**ACTIVITY**
Reproduce the listing exactly, with no pictures in your copy.

**** DATA EXTRACT

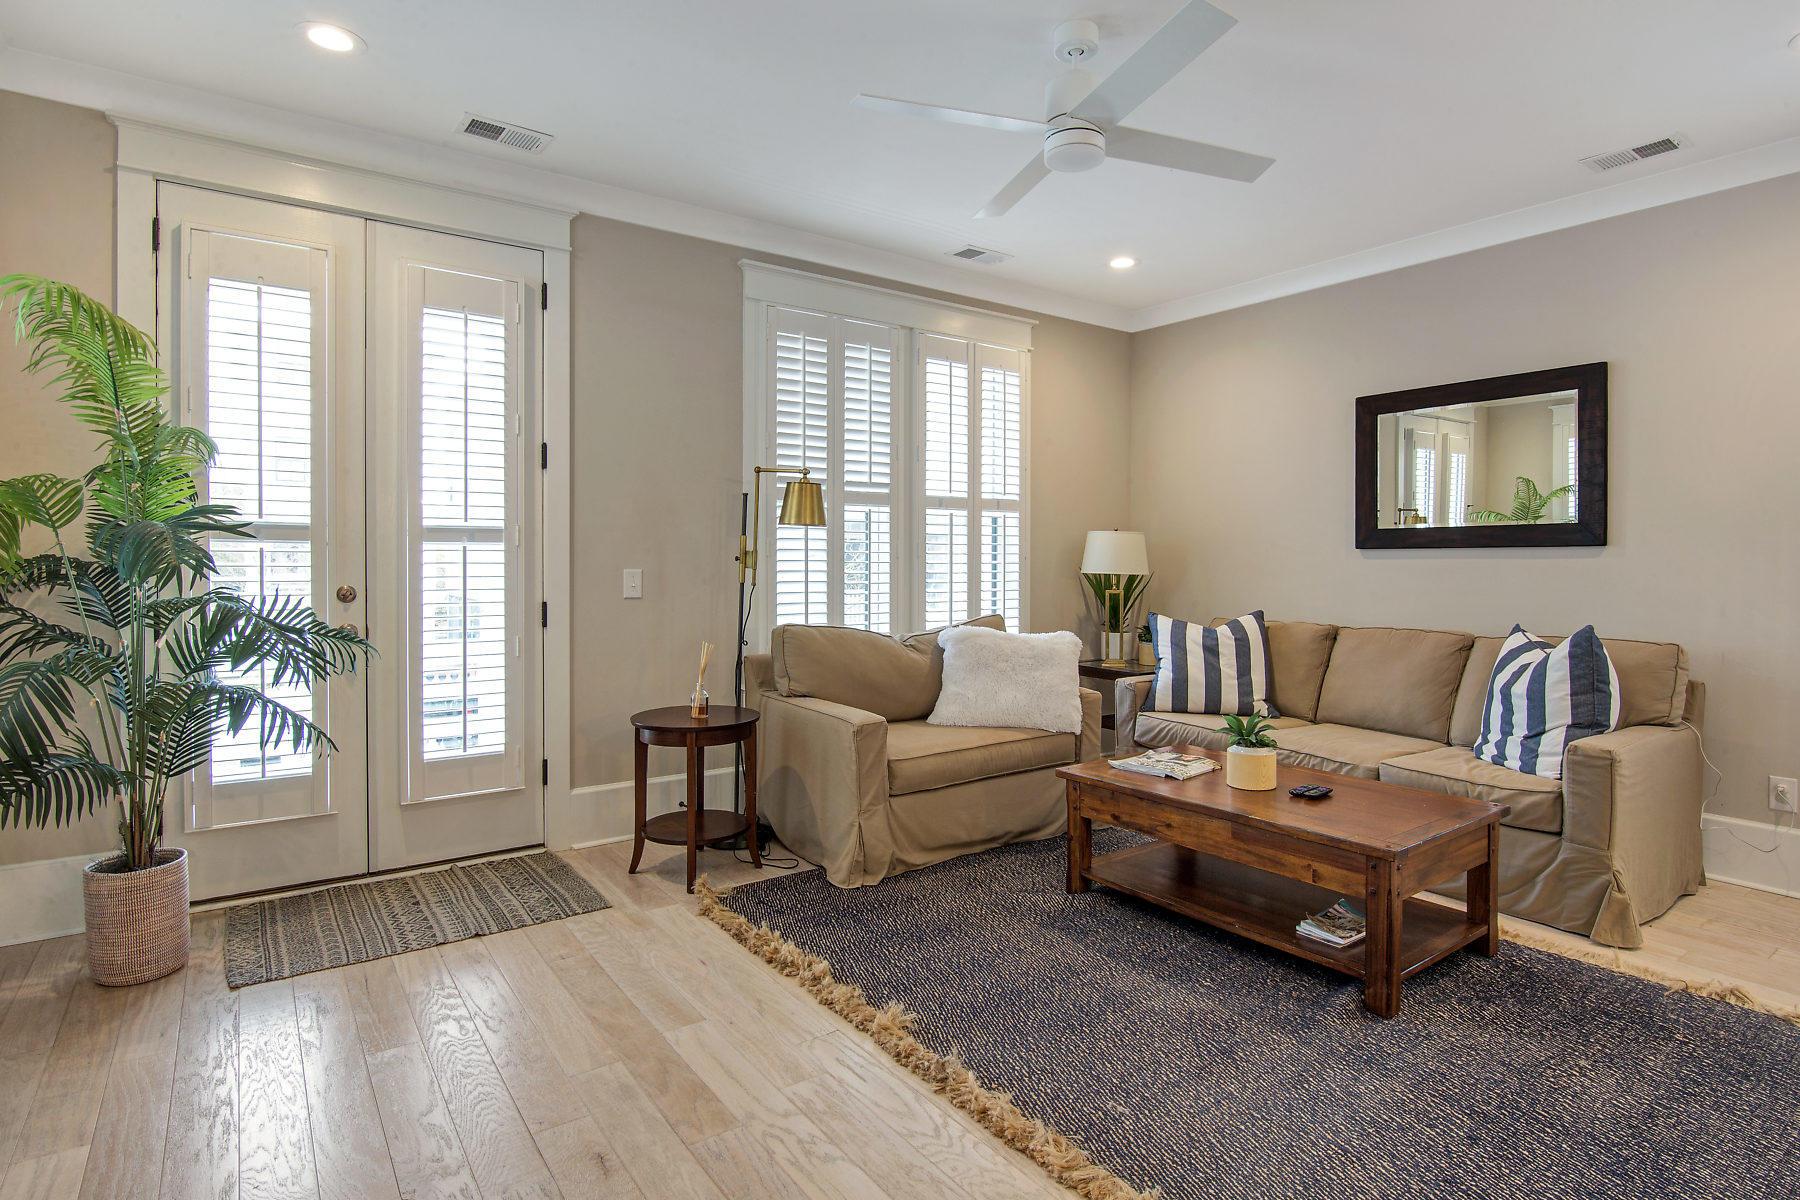 Sullivans Pointe Homes For Sale - 964 Key Colony, Mount Pleasant, SC - 20
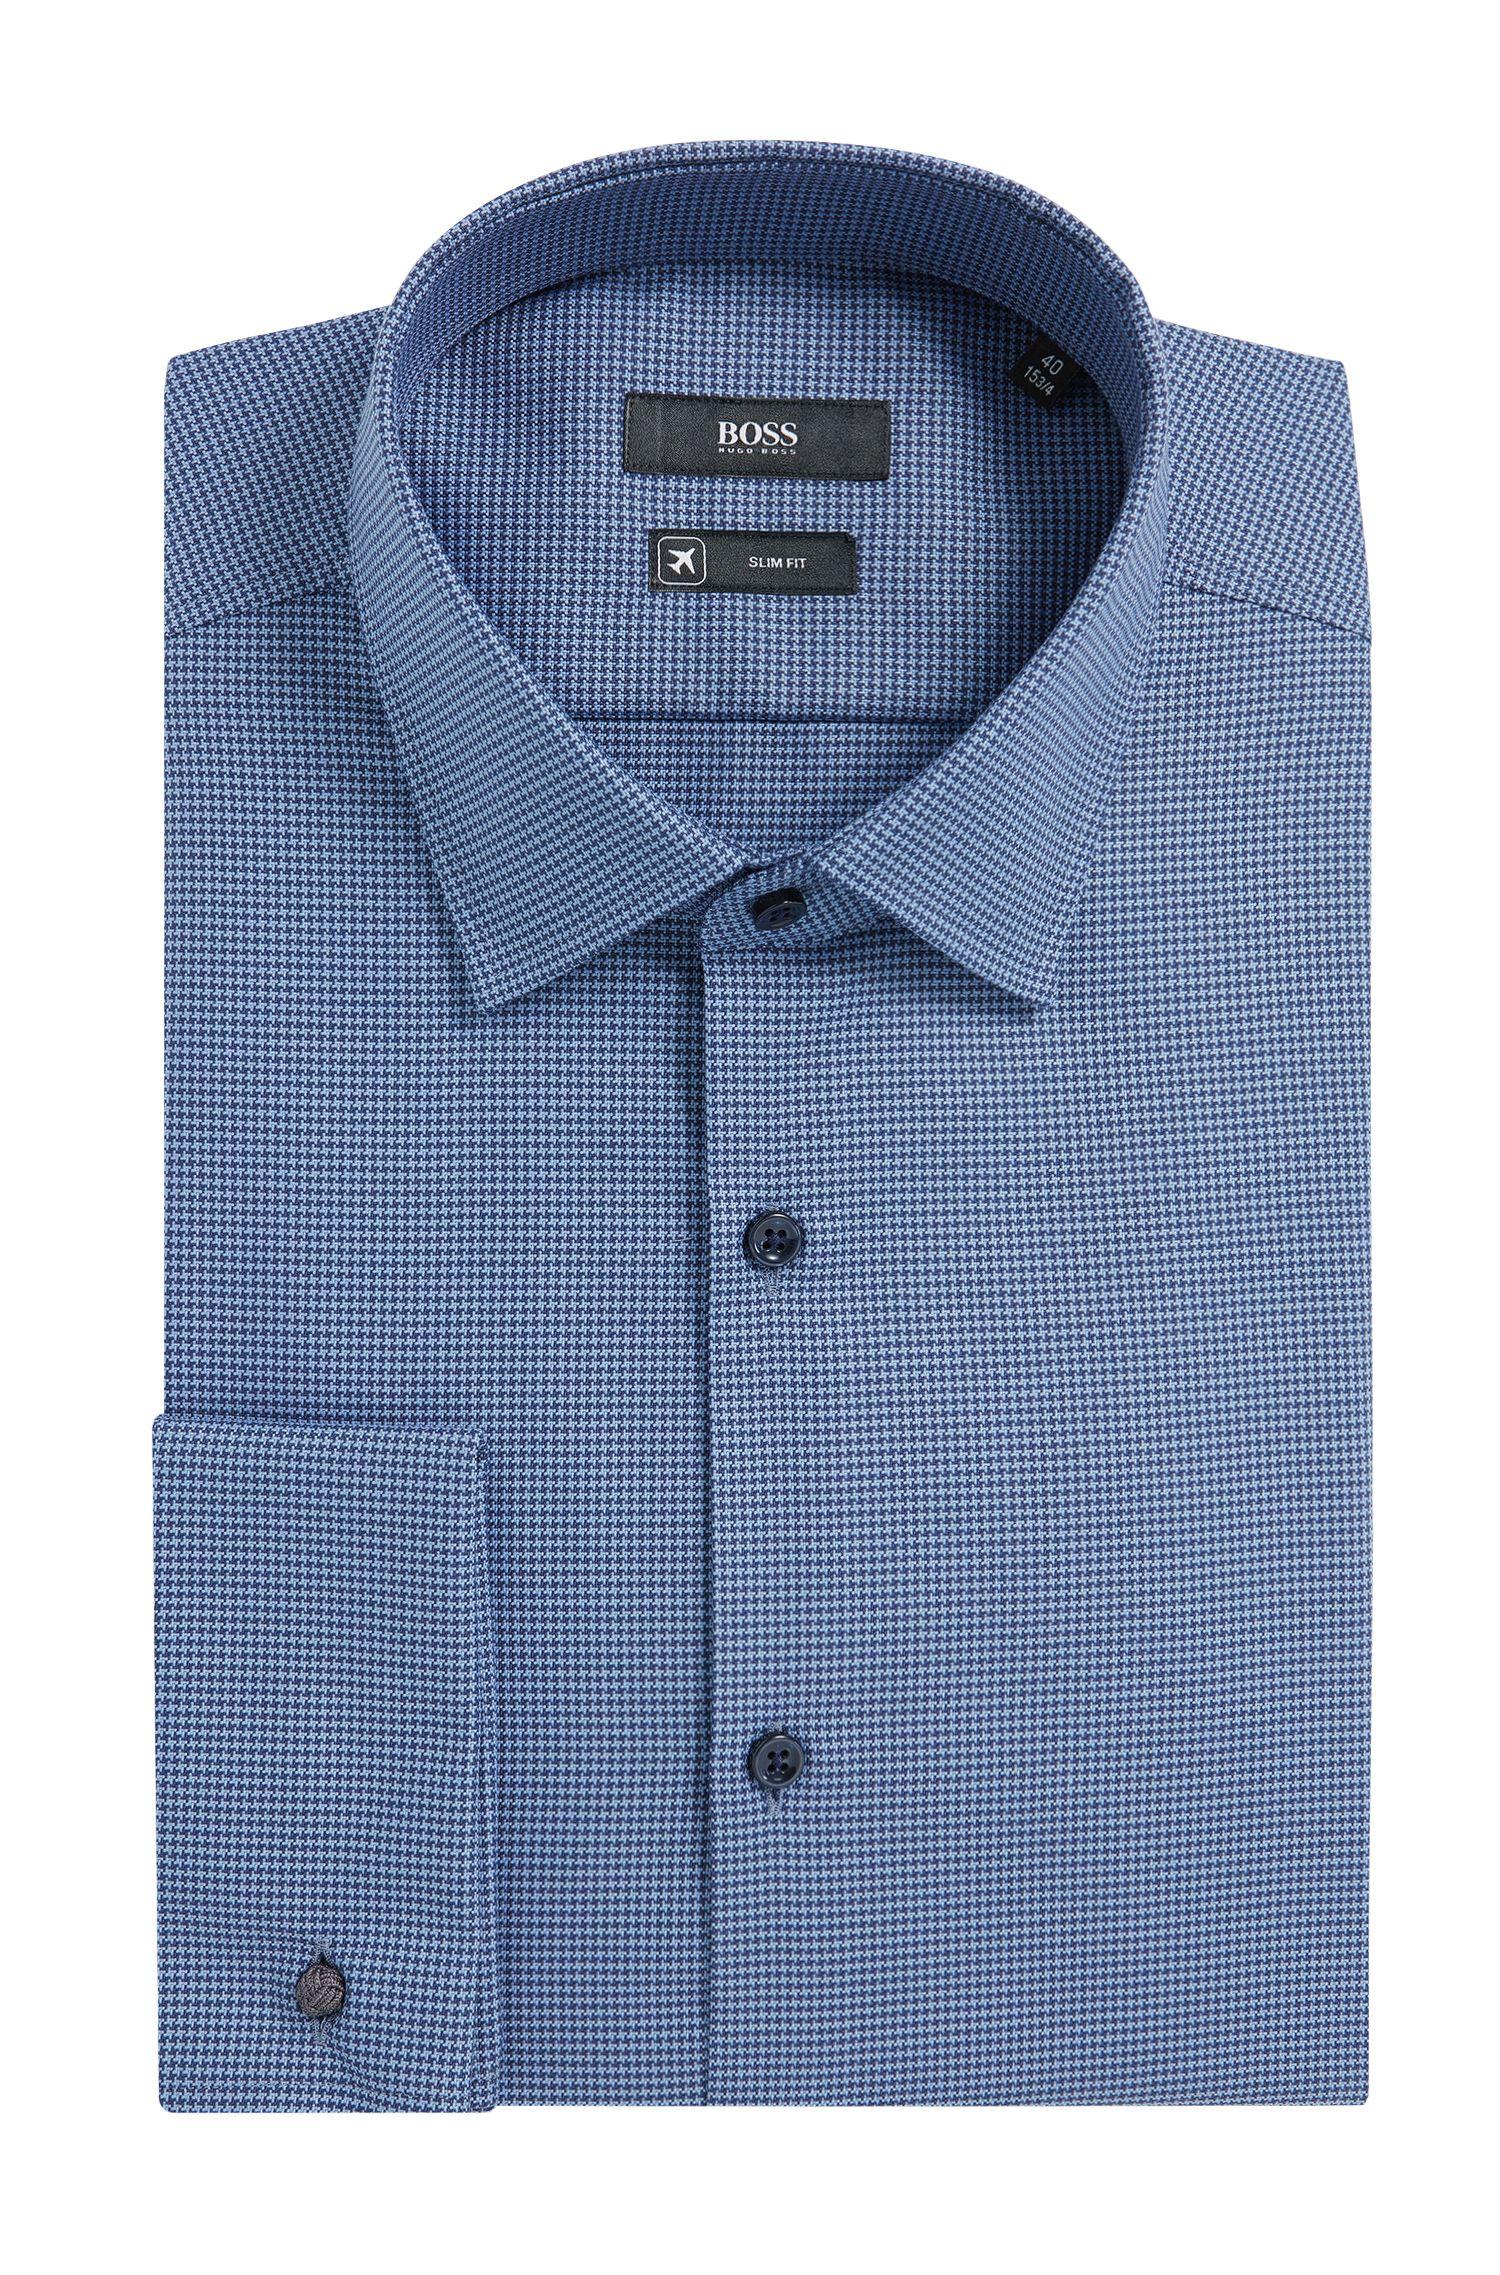 Houndstooth Fresh Active Traveler Cotton Dress Shirt, Slim Fit | Jacques
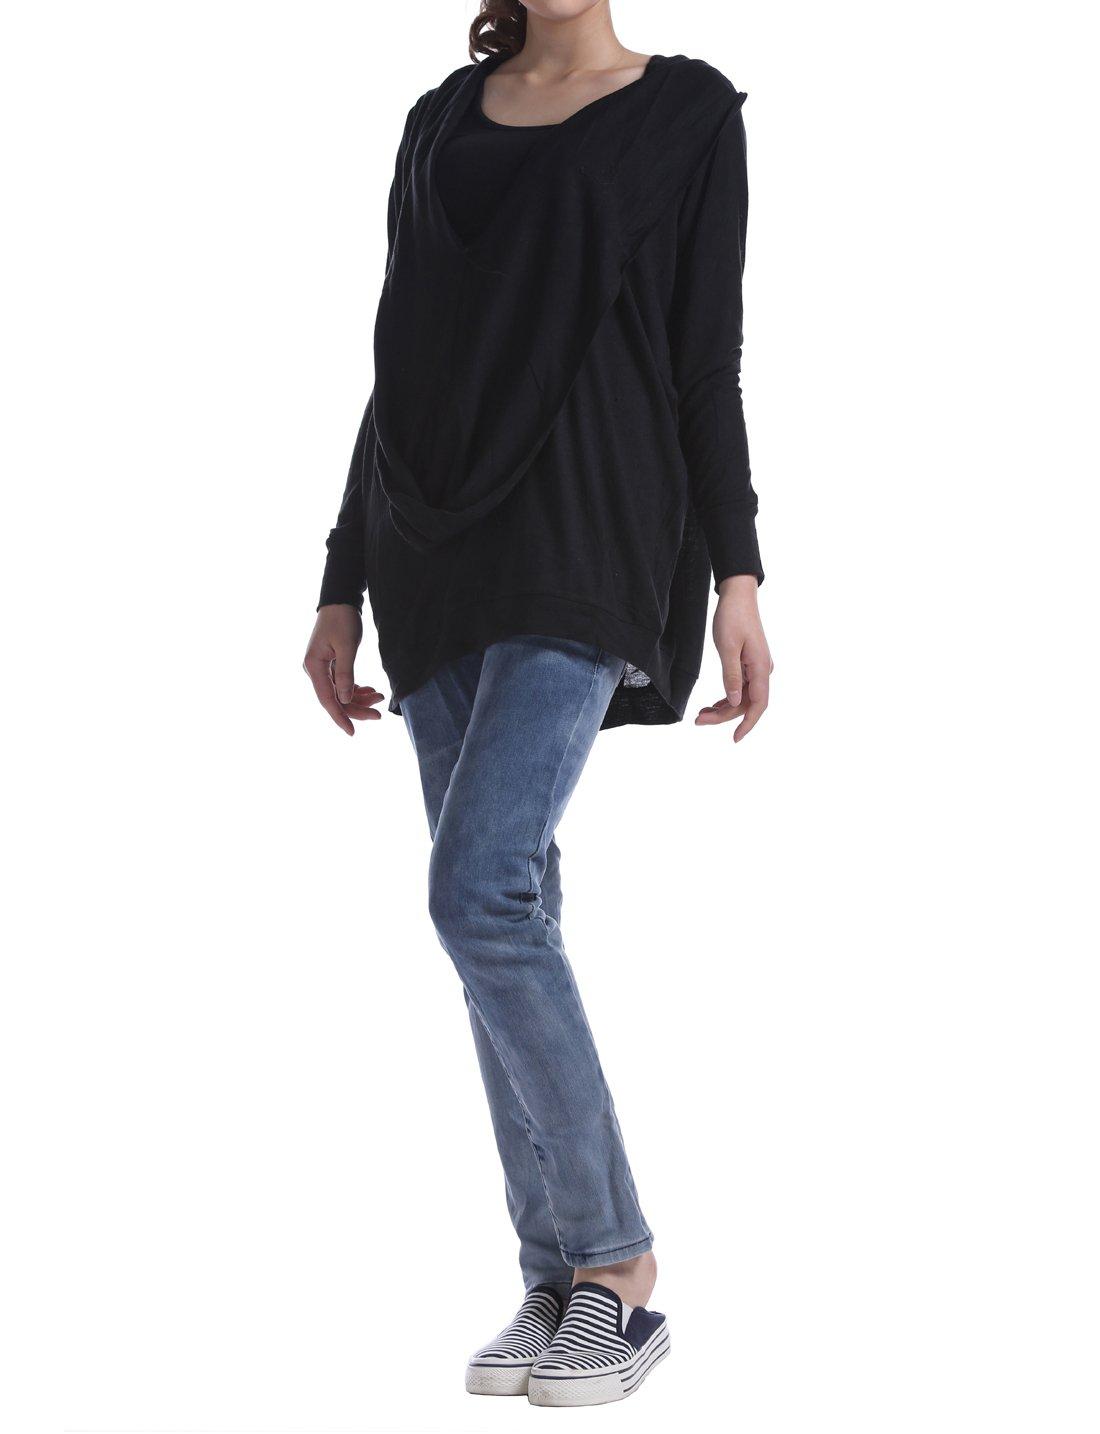 Huan Xun Women's Deep V Neck Draped Front Batwing Knitwear Blouse Cotton (Black)
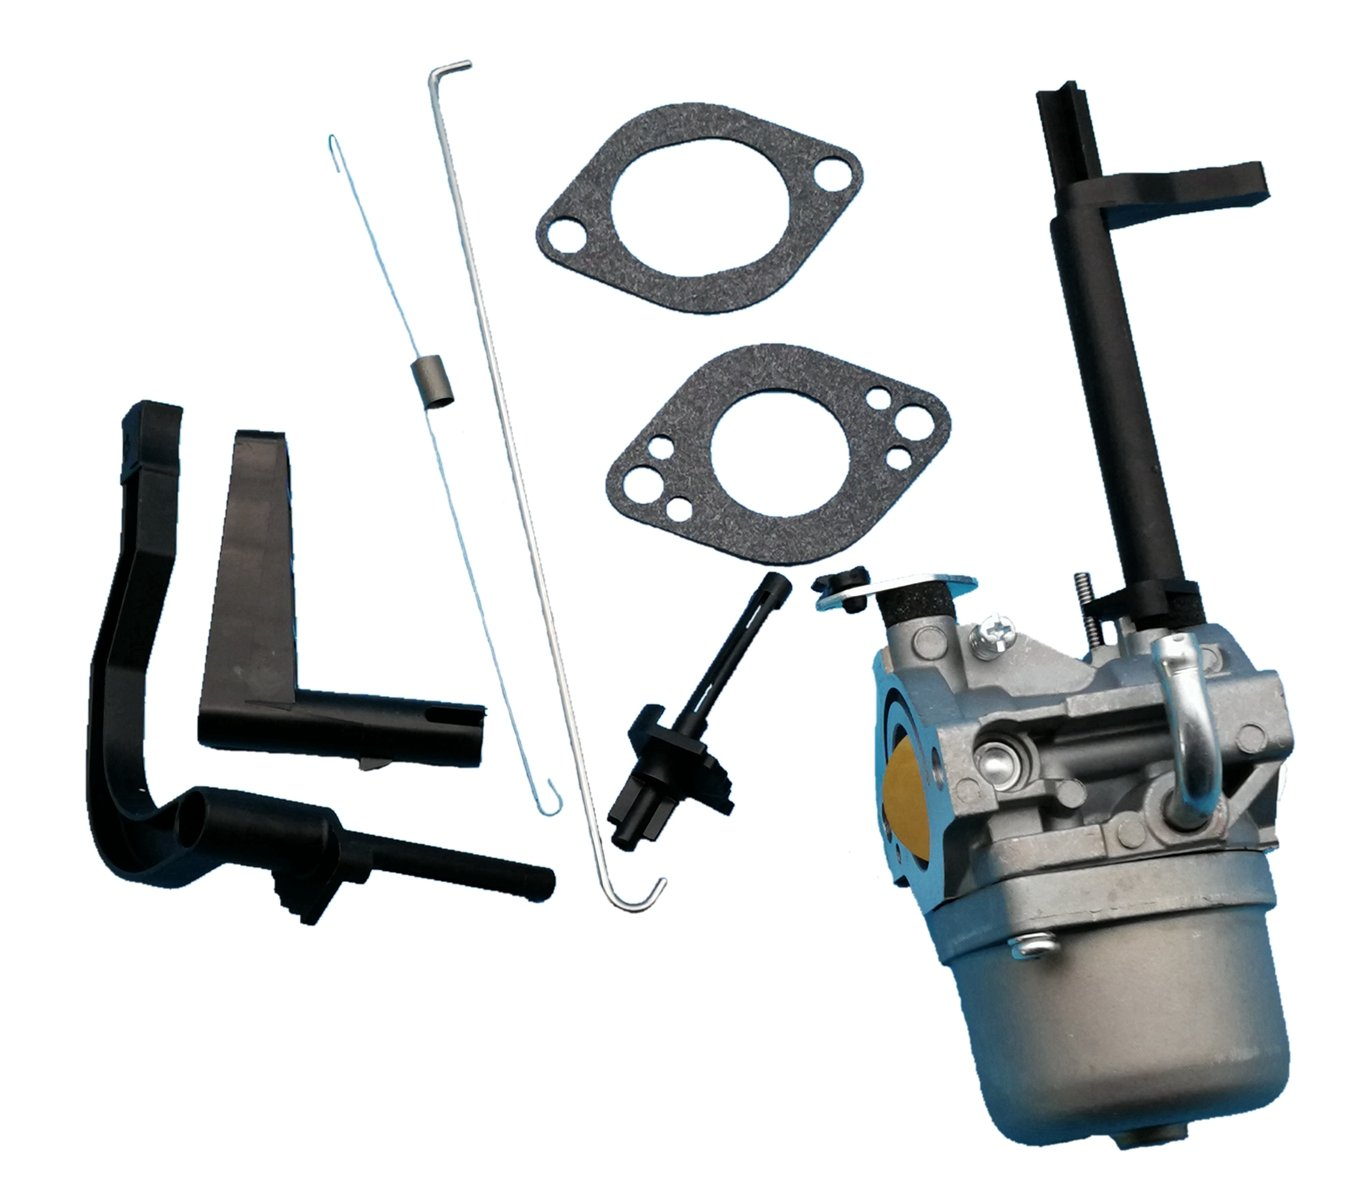 Tuzliufi Replace Carburetor Carb Briggs and Stratton B&S B & S Coleman Powermate 5000 5550 6200 8550 6250 10HP Craftsman 5600 8600 Troy-Bilt Generator 591378 694952 695328 695330 695918 695919 Z11

********

**RESPONSE BOX**
 Sullivans Pointe Homes For Sale - 964 Key Colony, Mount Pleasant, SC - 20
 Houndstooth Fresh Active Traveler Cotton Dress Shirt, Slim Fit | Jacques
 Huan Xun Women's Deep V Neck Draped Front Batwing Knitwear Blouse Cotton (Black)
 Tuzliufi Replace Carburetor Carb Briggs and Stratton B&S B & S Coleman Powermate 5000 5550 6200 8550 6250 10HP Craftsman 5600 8600 Troy-Bilt Generator 591378 694952 695328 695330 695918 695919 Z11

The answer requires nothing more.